Клавдя быстро нашлась:

– Что-о? У тебя мама жива!? Тогда я замуж не пойду. Я не буду кормить твою маму. Ищи другую жёнку.

Растерялся Вася. Без мамы он свою жизнь не представлял. Как ни хороша Клавдя, мама ему дороже.

Не сразу отстал он от Клавди. Но она, наконец, заявила, что не будет наряжаться и даже с ним разговаривать, пока его мама жива. Такой дерзости Вася стерпеть не мог даже и от Клавди. Он перестал к ней ходить. Даже Ласко́во стал обходить стороной.

В Тинеях ему понравилась Дуся.

– Нарядись-ка, я на тебя погляжу, – сказал он Дусе. Да так пристал, что та, выйдя якобы за нарядами, была вынуждена спрятаться на чердаке. Не дождавшись, когда она выйдет к нему нарядная, обиделся и ушел.

Варуша и Костя Сетро́вские (из деревни Сетро́во) – мать и сын. Побирались то вместе, то врозь.

– Ко-ость, а ты старый стал. Сколько ж тебе годов? – спрашивали его.

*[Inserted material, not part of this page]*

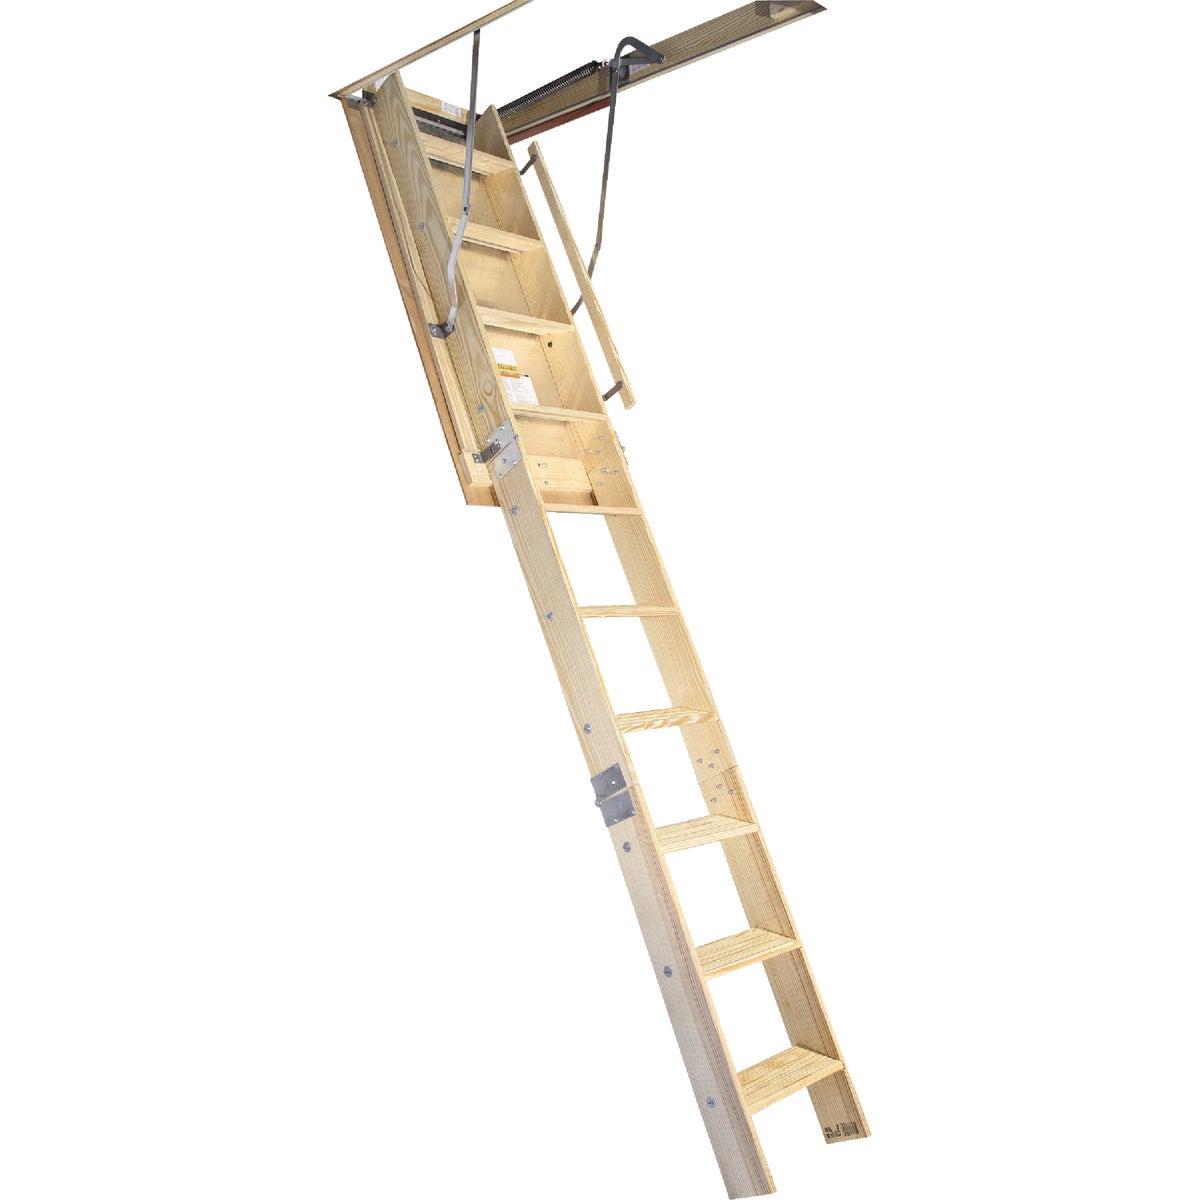 25.5X54X105 Pm Atc Stair

Костя стоит у порога, опираясь обеими руками на палку. Обводит глазами избу, что-то подсчитывает, шепчет. Потом вскидывает глаза, отвечает:

– Ага, старый, сорок пять мне.

– Ну-у? Тебе уже сорок пять? А сколько ж мамке тогда?

– Ага, много мамке – мамке сорок.

Косте было лет двадцать.

Через много лет, когда я работал председателем колхоза в Жгилёве, Костя нанялся пастухом колхозного стада. Жена его Настя возила из соседнего колхоза молоко. Когда ехала обратно с порожними бидонами, привязывала лошадь к кусту, а сама шла к Косте. Коровы во время свидания были предоставлены сами себе и травили посевы.

Станешь ругать его – он крик поднимет такой, что не дай бог. Уйти грозится:

– Добавляй плату, нашёл дурака!

Платил ему колхоз зерном или мукой, и деньгами – каждый месяц. Получит оплату – и весёлый, довольный Костя уедет с Настей домой. Съедят большой семьёй хлеб (а у Насти от покойного первого мужа было четверо детей), истратит Настя деньги недели за две, навестит Костю в кустах – бежит ко мне Костя, плату требует, грозится бросить стадо.

– Всё, – говорю, – Костя, уходи. Завтра другой пастух будет.

– А я куда? – уже тихо спрашивает Костя.

– Иди к своей Насте. Это она тебя будоражит, домой зовёт, чтобы ты ушел из пастухов.